Because Vermont is entirely within 100 miles of the Canadian border, the entire state falls within this zone. Civil rights organizations argue this creates a “quasi-constitutional zone” where Fourth Amendment protections against unreasonable searches and seizures are weakened.
This geographic reality, combined with federal funding that incentivizes enforcement activity, places Vermont communities in a unique position regarding federal immigration enforcement.
Community Impact Concerns
Critics of the program argue it undermines trust between police and immigrant communities. An extensive ACLU survey of law enforcement officials, judges, and advocates found that fear of immigration enforcement prevents immigrants from reporting crimes—including domestic violence, human trafficking, and sexual assault—and from participating in the justice system.
Some Vermont police chiefs have declined to participate in Operation Stonegarden, citing these trust concerns. However, county sheriffs, who are elected officials with independent authority, have continued to accept the funding.
What Happens Next
The future of Operation Stonegarden in Vermont remains uncertain and depends on multiple factors:
At the Federal Level: Congress continues to appropriate funding for the program annually. The fiscal year 2024 and 2025 budgets each allocated $81 million nationally for Operation Stonegarden. How Congress funds the program in future years will directly affect Vermont allocations.

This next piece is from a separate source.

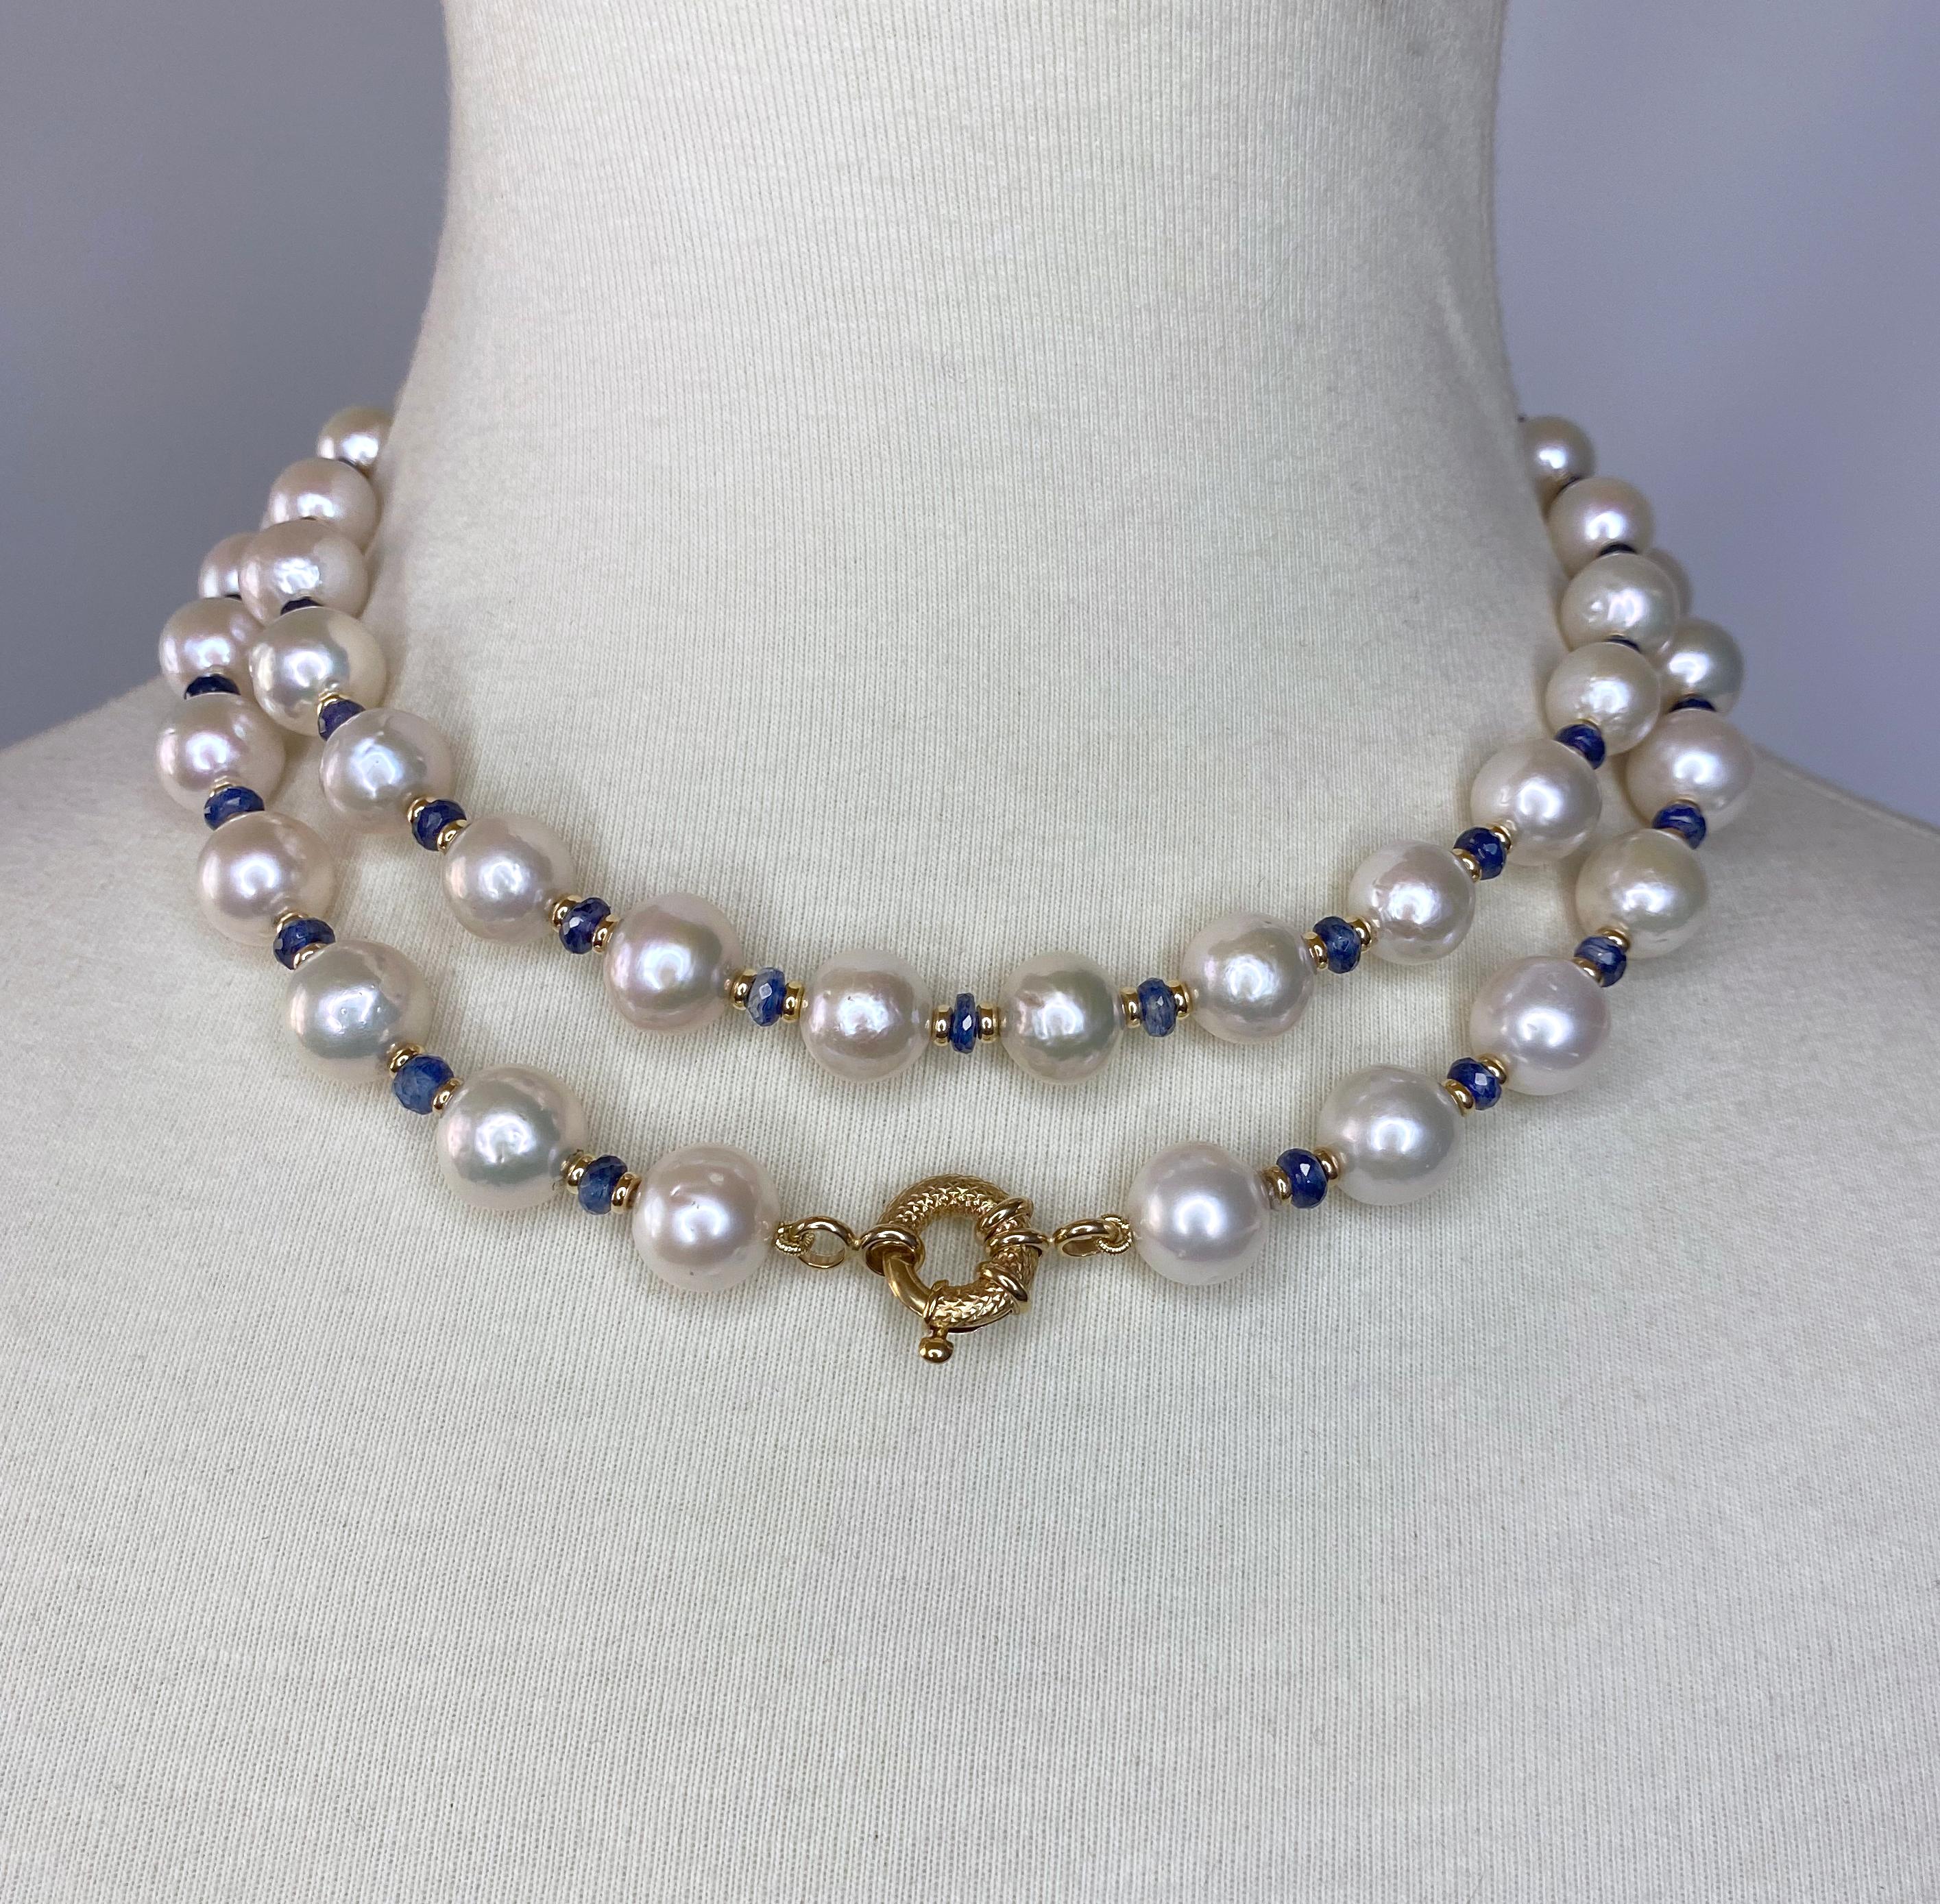 Artisan Marina J. Sautoir en or jaune 14 carats avec saphirs bleus facettés et perles

At the State Level: Vermont’s legislature could attempt to address the Operation Stonegarden loophole through new legislation. This would require crafting language that restricts state agencies from distributing federal grant funds for specific purposes, or that prohibits local agencies from accepting such funds—a more complex legal challenge than blocking formal agreements.

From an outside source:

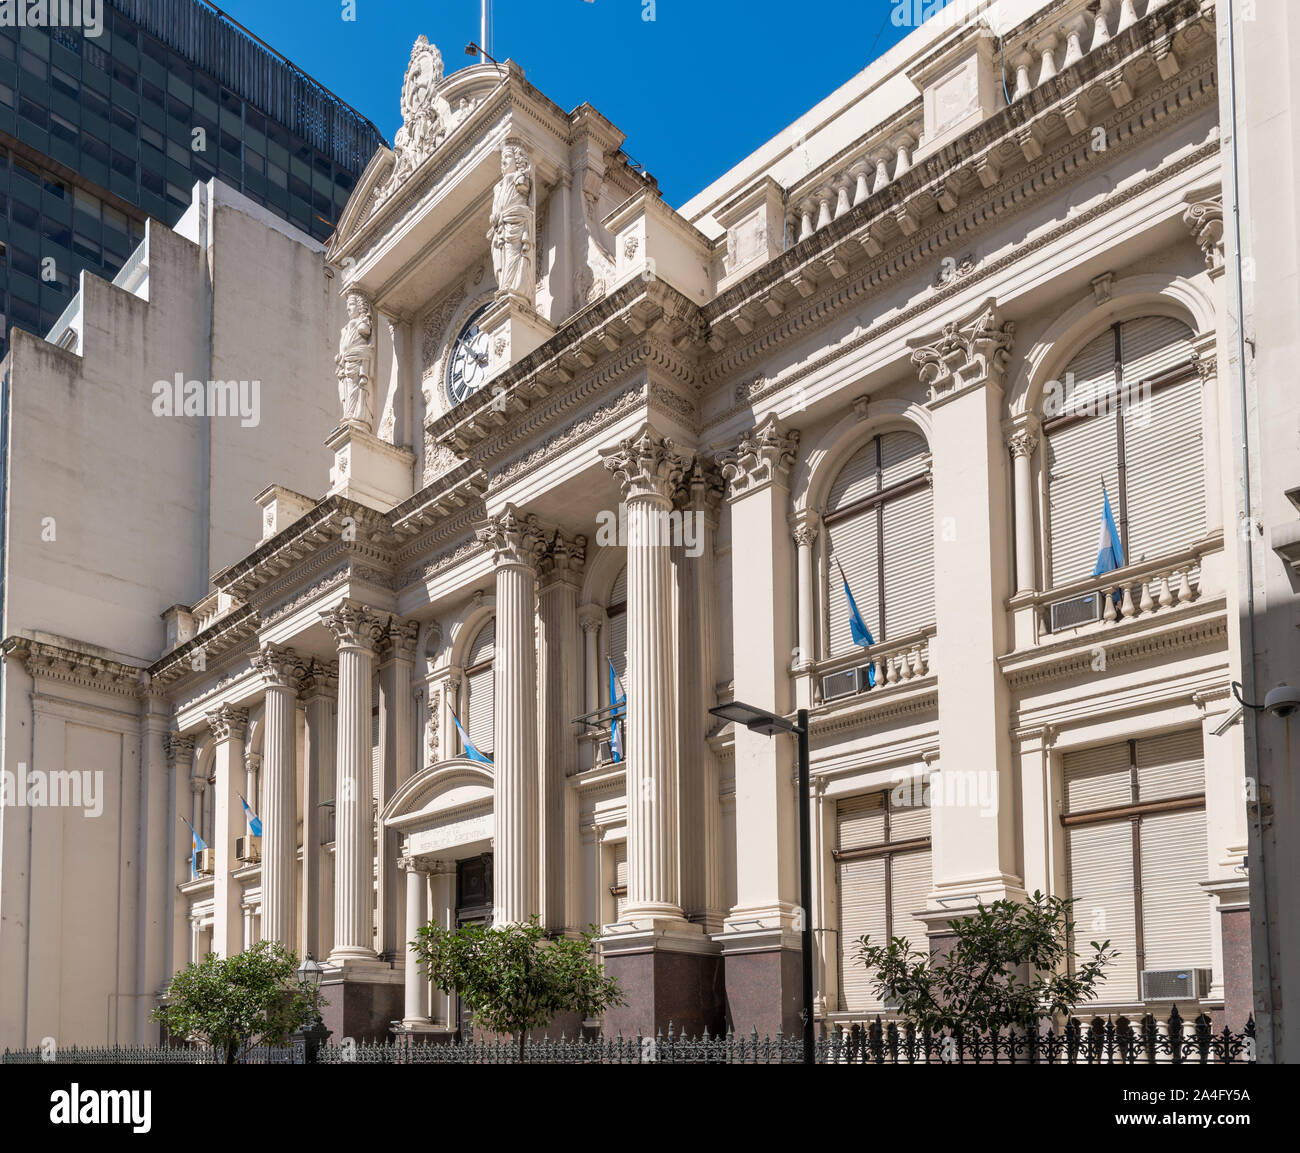 Zentralbank der argentinischen Nation (Banco Central de la República Argentina), Calle Reconquista, Buenos Aires, Argentinien Stockfoto

At the Local Level: Individual county sheriffs and police departments make their own decisions about accepting Operation Stonegarden funding. Because sheriffs are elected officials, voters in Franklin, Lamoille, and Grand Isle counties have direct influence over their participation in the program.
Through Litigation: The 2023 settlement that halted the New Hampshire checkpoint expires January 1, 2025. Whether CBP resumes checkpoint operations, and whether such operations face new legal challenges, could affect how Operation Stonegarden functions in the region.
Through Federal Oversight: The Department of Homeland Security Office of Inspector General continues to monitor the program. A June 2025 report indicates that FEMA has implemented new reporting requirements, including a “Daily Activity Report” that tracks arrests and seizures by Operation Stonegarden participants. Whether these reforms address earlier oversight failures remains to be seen.
The fundamental tension remains: Vermont has expressed, through its Attorney General’s guidance and its 2025 legislation, a policy preference against local participation in federal immigration enforcement. However, the federal government continues to offer financial incentives for exactly that cooperation—and state law currently does nothing to restrict it.
Whether Vermont lawmakers choose to address this gap, and whether they have the legal authority to do so without conflicting with federal supremacy in immigration matters, are questions that may define the next chapter of this issue.